Just One Night Of Bad Sleep Can Alter Your Genes

It's been shown sleep deprivation can affect your genes. A new study suggests just how little it takes.

Scientists have long known that skimping on sleep can screw with our health and biological clock, which helps our bodies adapt to the daily cycle of day and night.

Now, a new small study suggests that all it takes is one night of sleep loss to alter our biological clock genes -- and this impact may hold clues to the complex link between sleep and certain diseases. After all, lack of sleep has been linked to negative effects on our metabolism and even an increased risk of obesity and diabetes.

"[O]ur current results indicate that changes of our clock genes may be linked to such negative effects caused by sleep loss," Dr. Jonathan Cedernaes, the study's lead author and a sleep researcher at Uppsala University in Sweden, said in a written statement.

For the study, 15 healthy men were asked to spend two nights in a lab, during which they slept for around 8 hours one night but were kept awake another night. The environmental factors, lighting, food intake and activity levels remained the same.

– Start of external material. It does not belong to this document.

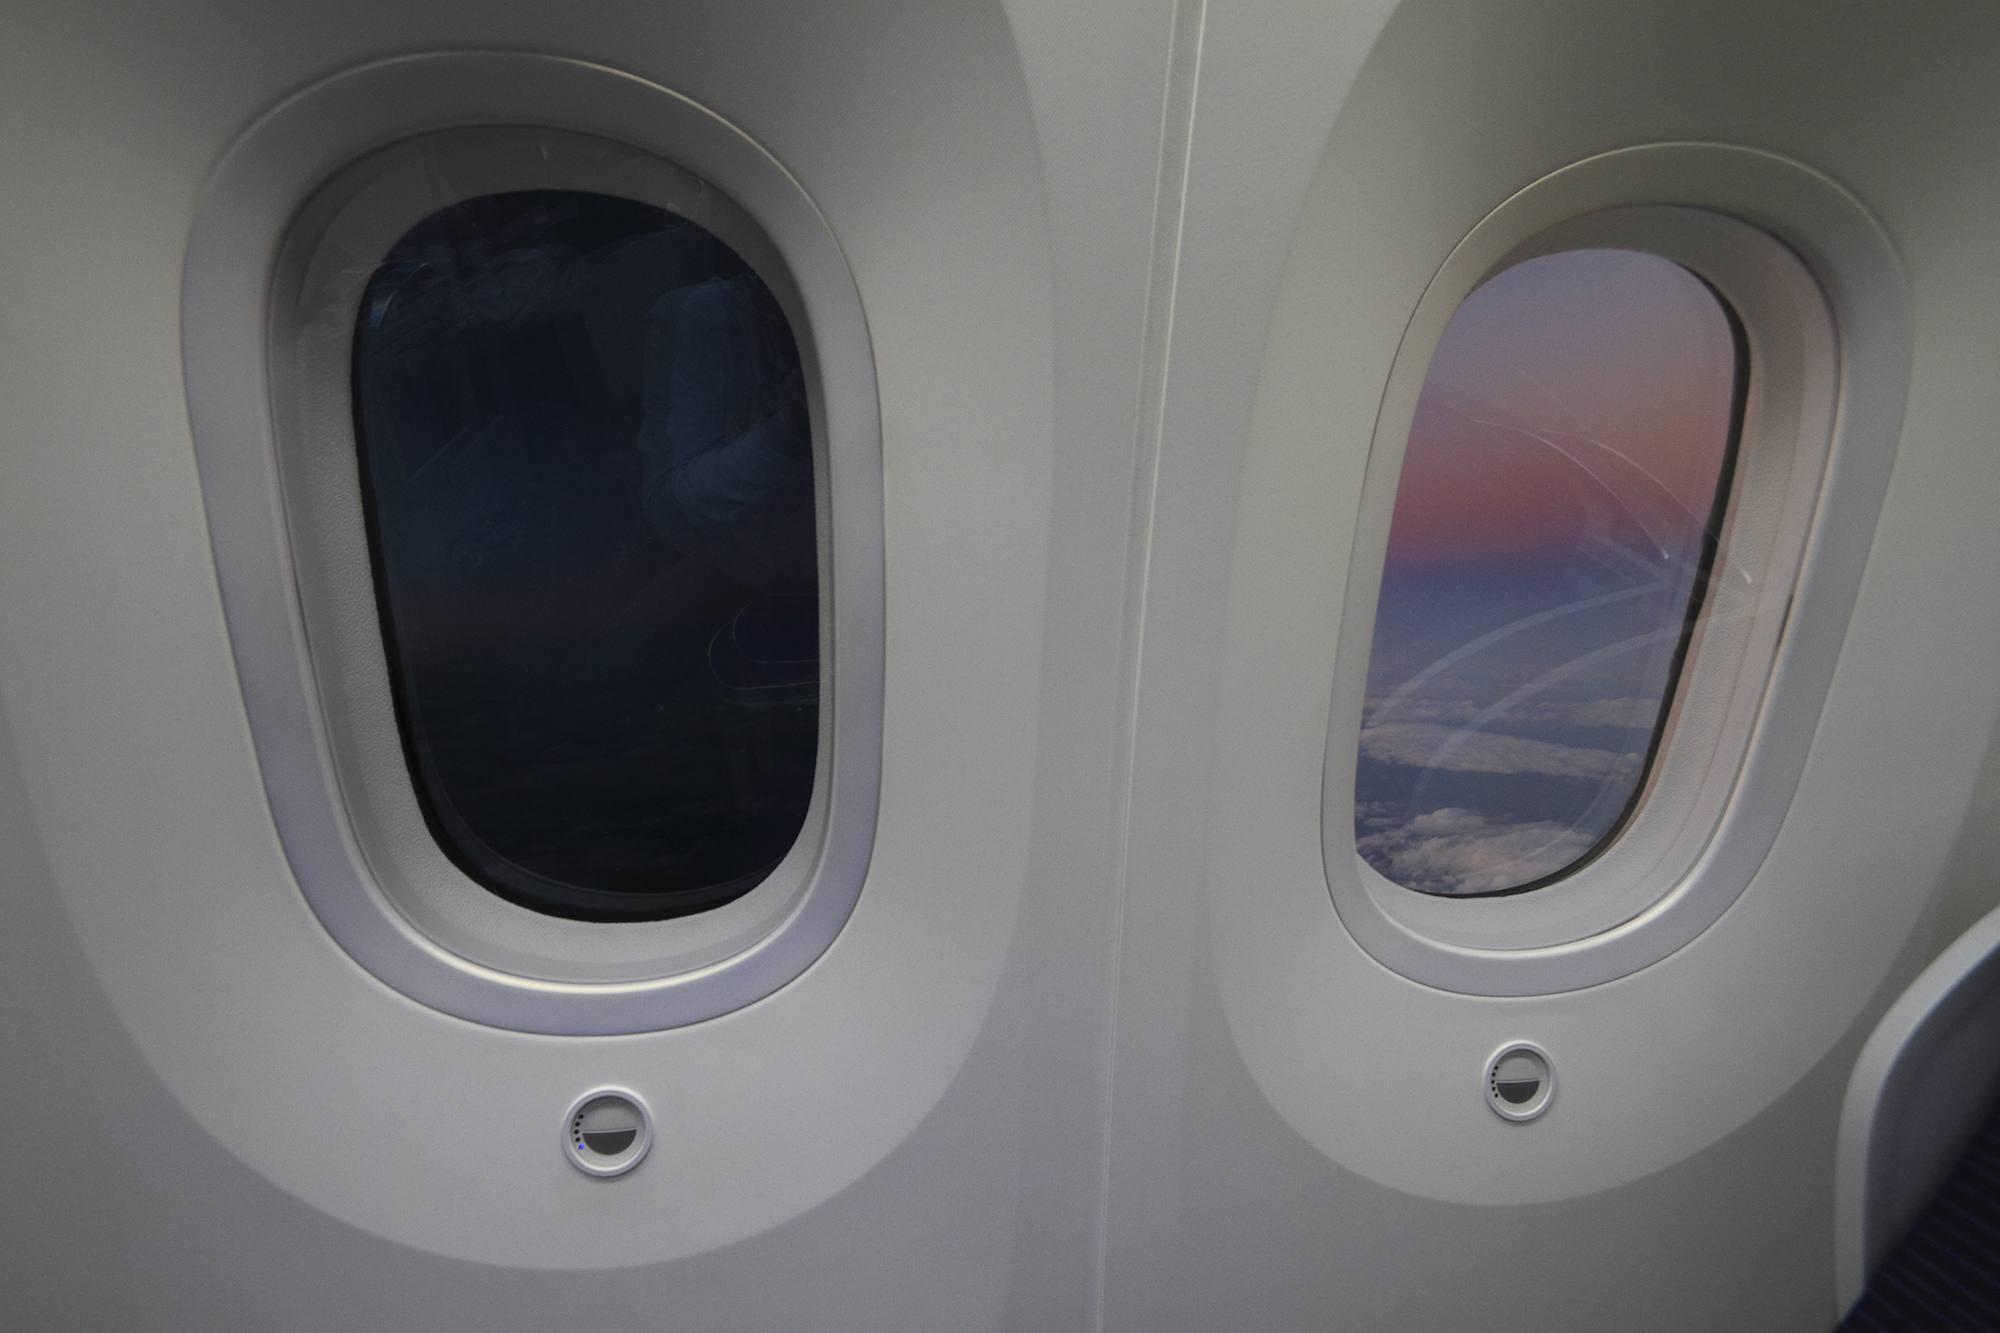 Electrochromic window in Boeing 787

Then, each morning after the men woke up, the researchers collected blood and tissue samples from the men. Molecular analyses of the tissue samples revealed that the regulation and activity of clock genes was altered after that one night of sleep loss. In addition, the expression of the men's genes -- or the process by which the information encoded in a gene is used -- was altered.

Cedernaes said he was surprised to discover that the genes could be altered so quickly.

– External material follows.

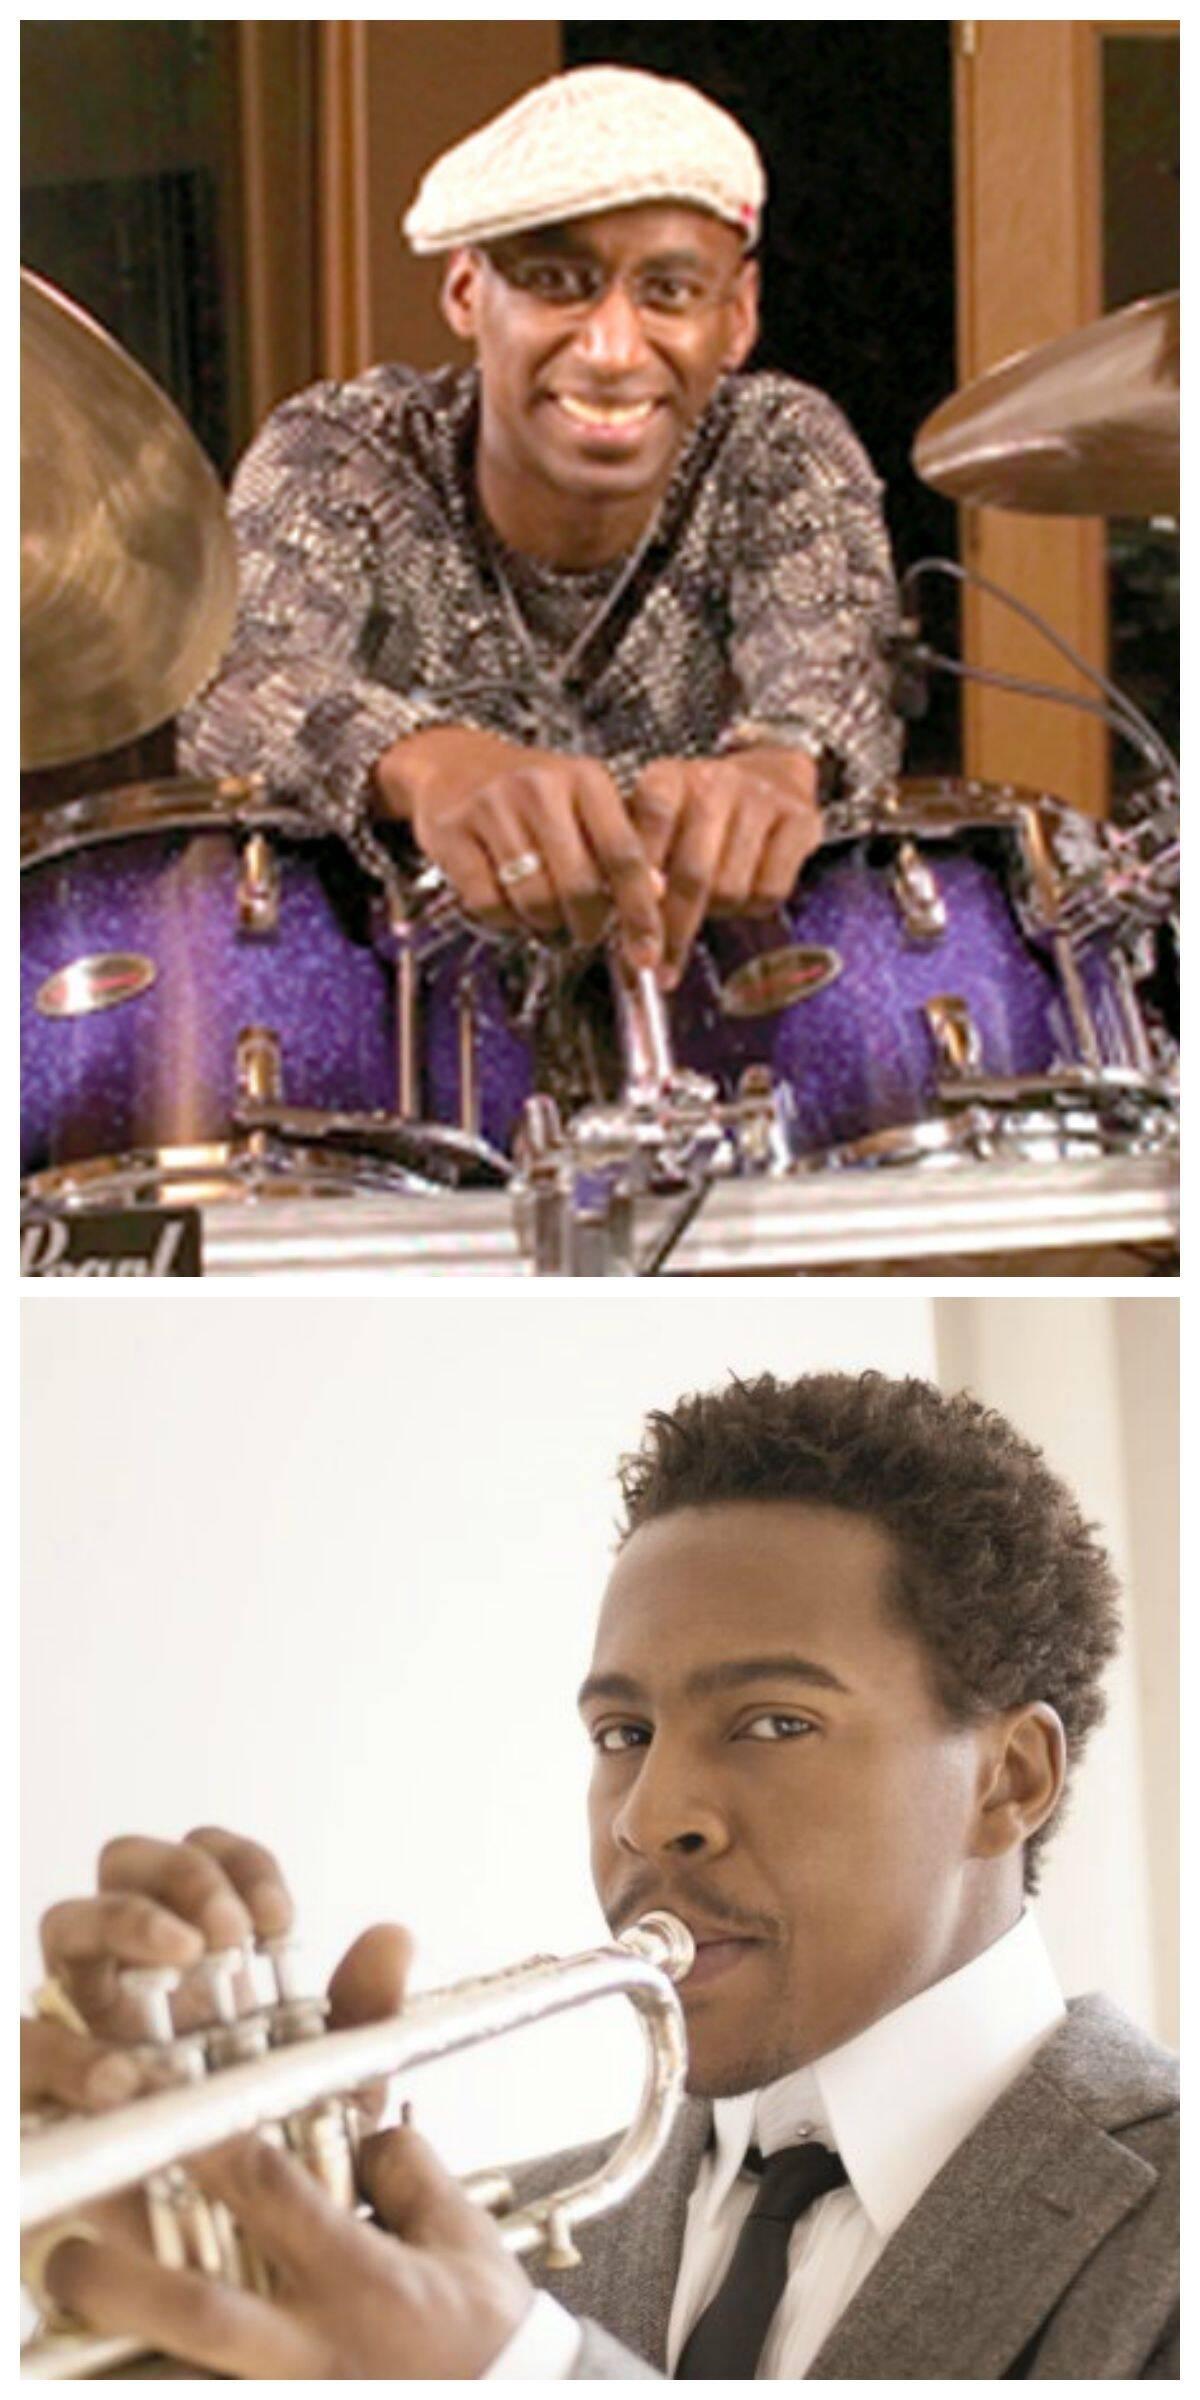 O baterista Omar Karim e o trompetista Roy Hargrove: atrações internacionais confirmadas no Jazz e Blues de Rio das Ostras/ Fotos: divulgação

But it's not clear, researchers noted, whether these gene alterations could have a longer-lasting effect."It could be that these changes are reset after one or several nights of good sleep," Cedernaes said in the statement. On the other hand, "this could mean that at least some types of sleep loss or extended wakefulness, as in shift work, could lead to changes in the genome of your tissues that can affect your metabolism for longer periods."

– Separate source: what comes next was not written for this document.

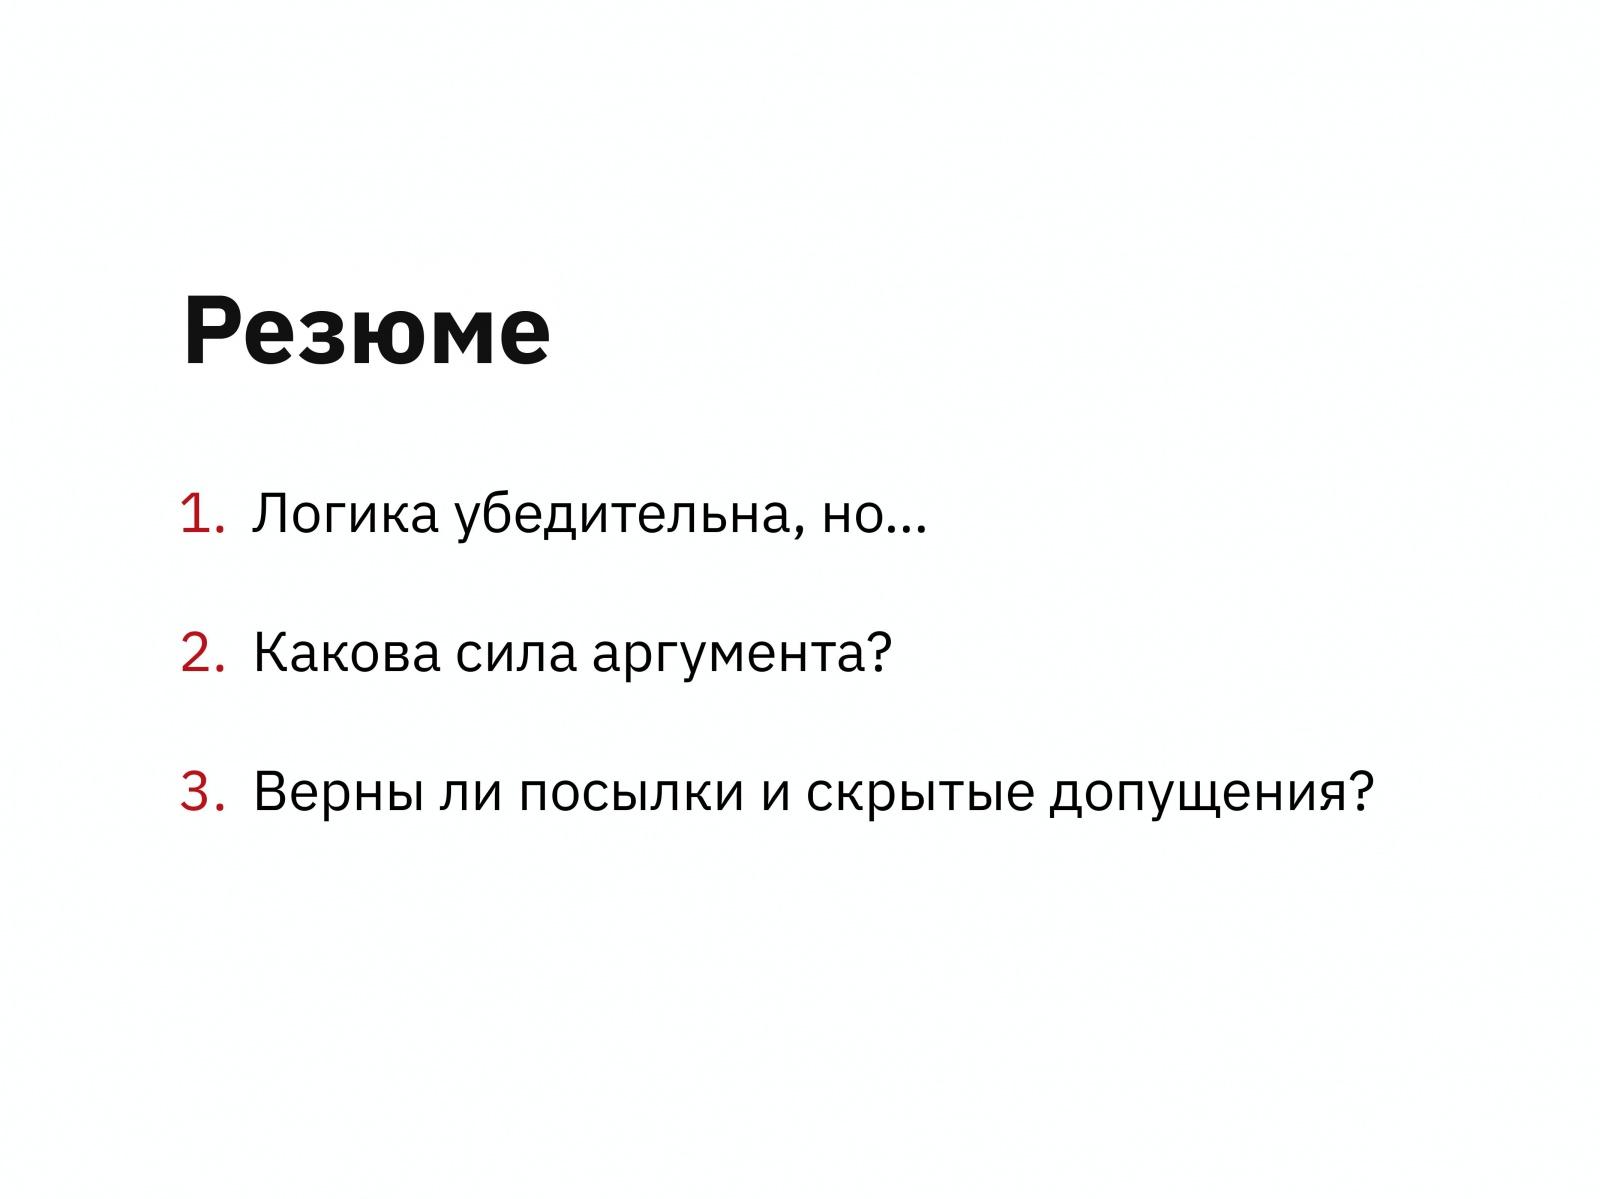 Алексей Каптерев: Критическое мышление 101 (часть 2) - 26

Previous studies have shown that sleep deprivation can mess with your genes. A 2013 study from researchers at the University of Surrey in England showed that just one week of insufficient sleep (fewer than six hours of sleep a night) can change more than 700 genes.

That's even more reason to prioritize regular shuteye.

The new study was published online in the Journal of Clinical Endocrinology and Metabolism on July 13.